And whatever comes next… we can’t predict.

This is not a complete summary of transhumanism. There’s a spectrum of goals, and widespread desire for AI which can integrate with humans — think, nanobots in the brain, neural augmentation, or wholesale digital brain uploads. But either way — whether the goal is to retrofit or replace humans — the end goal is at minimum a radically transformed concept of humanity.

Given that we live in a world stubbornly resistant to even well-understood technological revolutions — nuclear power, GMOs, and at times even vaccines — it’s fair to say that transhumanism is not a future the average voter is onboard for.

4. Just to see if we can

And just to round it out, a full 16% of the votes could be summarized (verbatim) as:

“Why not?”

Researchers — and engineers — want to build AI, because building AI is fun. And there’s nothing unusual about Fun Driven Development. Most revolutionary science doesn’t come from corporate R&D initiatives; it comes from fanatical, driven, graduate students, startups, or bored engineers hacking on side projects.

Exploration for the sake of exploration (or with a thin facade of purpose) is what got us out of trees and into lamborghinis.

But at the end of the day, “for the fun” is an intrinsic motivation akin to “for the money”. The motivation gives one engineer satisfaction and purpose, but doesn’t weight heavily on the scales when answering “should this research exist?” — in the same way we limit fun of experimental smallpox varietals, DIY open-heart surgery, and backyard nuclear bombs

Misaligned motivations

The public has been sold a vision of AI for Good; AI as an ex machina for some (or all) of our global crises, now and future:

AI for Global warming
AI for biodiversity
AI for COVID-19

These initiatives aren’t fake, but they also represent a small fraction of actual real-world AI deployments, many if not most of which focus on selling cost-reductions to large enterprises (implicitly and predominantly, via headcount reductions).

AI researchers and implementers, in plurality, believe in the potential good of AI, but more frequently are in it for the money, to replace (or fundamentally alter) humans, or just for the fun of it.

The public, and their elected governments, can’t make informed AI policy if they are being sold only one side of the picture — with the unsavory facts hidden, and the deployment goals obscured. These mixed messages are catastrophically unfair to the 99% of humanity not closely following AI developments, but whose lives will be, one way or another, changed by the release of even weak (much less, strong) AI.
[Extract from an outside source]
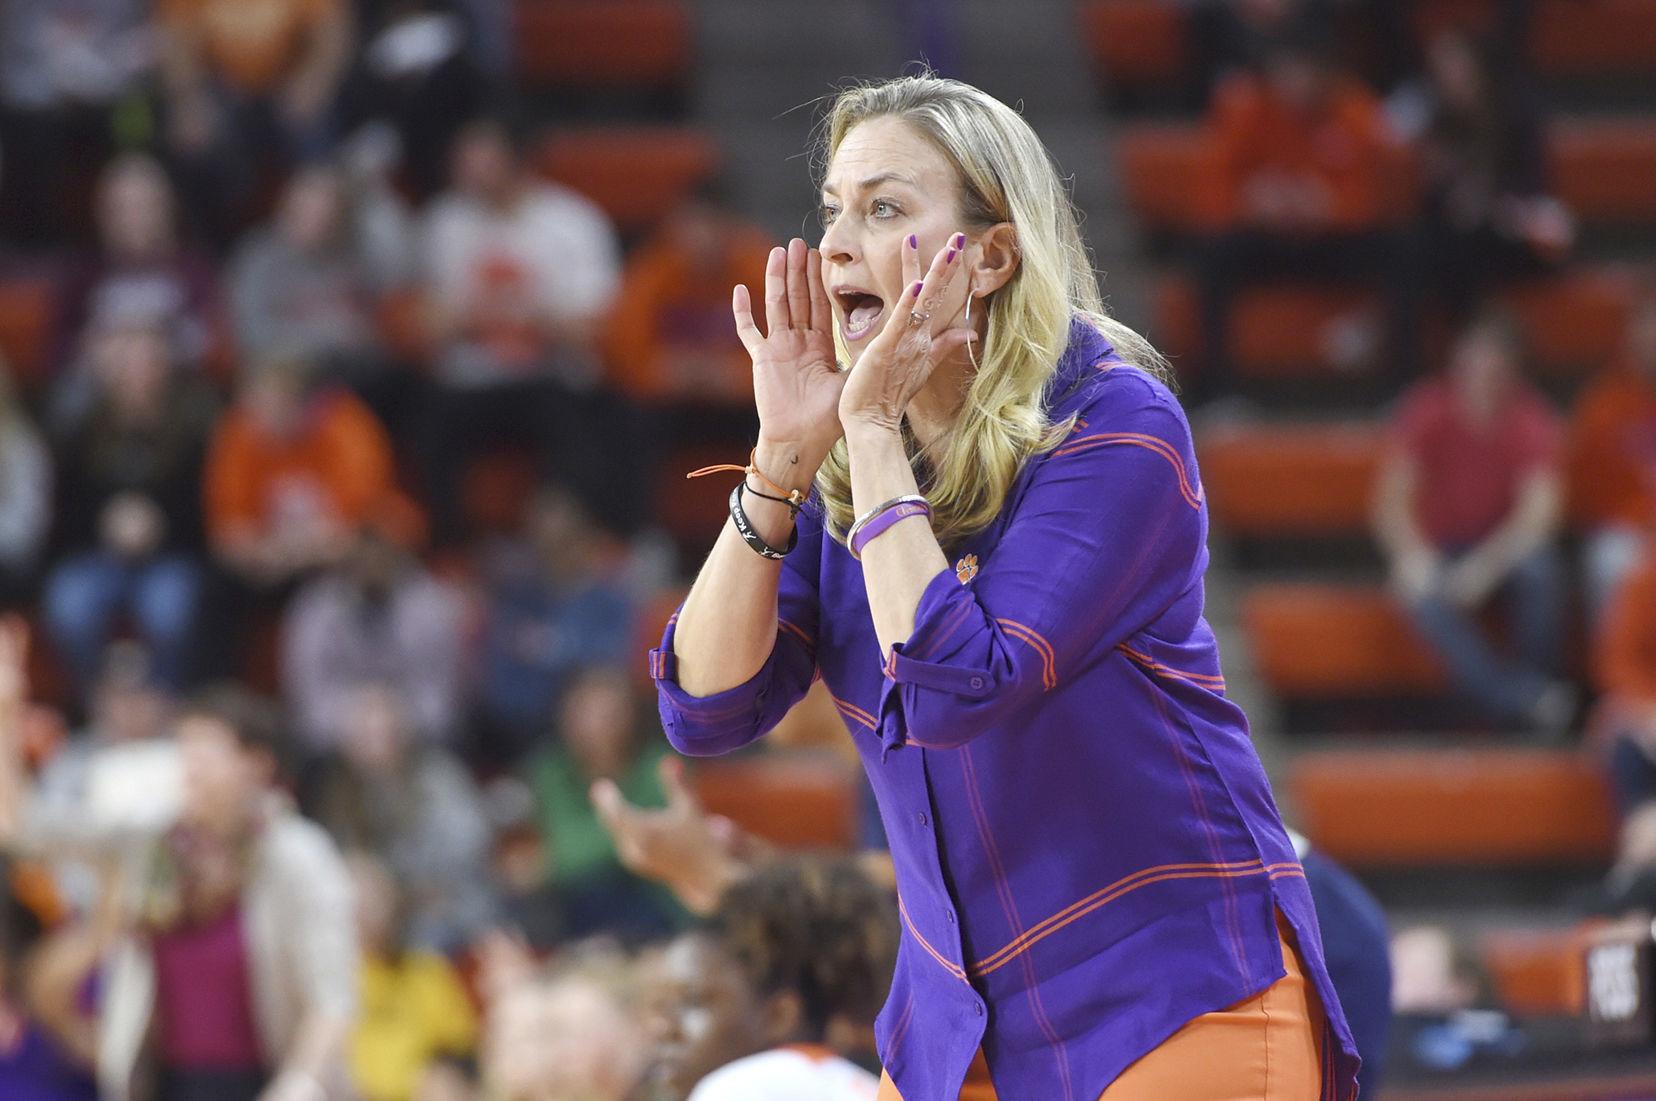 ACC WOMEN'S TOURNAMENT: Notre Dame, Louisville lead the

GPT-3 is the Elephant, not the Rider

The Righteous Mind by Jonathan Haidt explains the link between our conscious, calculating mind and our subconscious, instinctive mind with a metaphor: The Elephant and the Rider:

The rider is our “conscious”, reasoning mind, which uses explainable logic to reason about the world, our own behavior, and our preferences
The elephant is the momentum of pre-trained and pre-wired preferences with which we make “snap” decisions about preferences or morality.

The rider — homo logicus — believes itself to be in control of the elephant, but this is only about 10% true. In truth, when the rider and elephant disagree about which direction to ride, the elephant almost always wins. The rider instead spends time making excuses to justify why it really intended to go that direction all along!

Or, non-metaphorically: the vast majority of the time, we use our “thinking” mind to explain and generate justifications for our snap judgements — but our thinking mind only rarely is able to actually redirect our pre-trained biases into choices we really don’t want to make.

Occasionally, if it’s a topic we don’t have strong pre-trained preferences about (“What’s your opinion on the gold standard?”), the rider has control — but possibly only until the elephant catches a familiar scent (“The gold standard frees individuals from the control of governmental fiat”) and we fall back to pre-wired beliefs.

Most of the time, the rider (our thinking brain)’s job is to explain why the elephant is walking the direction it is — providing concrete explainable justifications for beliefs whose real foundation is genetic pre-wiring (“Why are spiders scary?”) or decades of imprinting (“Why is incest bad?”)

But even though the rider isn’t, strictly speaking, in control, it’s the glue which helped us level up from smart apes to quasi-hive organisms with cities, indoor plumbing, and senatorial filibusters. By nudging our elephants in roughly the right direction once in a while, we can build civilizations and only rarely atomize each other.

Traditional visions of AI — and the AI still envisioned by popular culture — is cold, structured, logic incarnate.

Most early game AIs performed a minimax search when choosing a move, methodically evaluating the search space. The AI would calculate for each move how to counter the best possible move the opponent could make, and then would perform these calculations as deep as computing power permitted:

This is still the AI portrayed in popular media. In a positive portrayal, the AI is precise, logical, and (somewhat) useful:

C-3PO : Sir, the possibility of successfully navigating an asteroid field is approximately 3,720 to 1
Han Solo : Never tell me the odds.

In a negative portrayal, AI is cold and calculating, but never pointlessly cruel. In 2001: A Space Odyssey, if HAL 9000 opened the pod bay doors, it would prove (in worst case) a potential risk to HAL 9000 (itself), and the mission. The rational move was to eliminate Dave.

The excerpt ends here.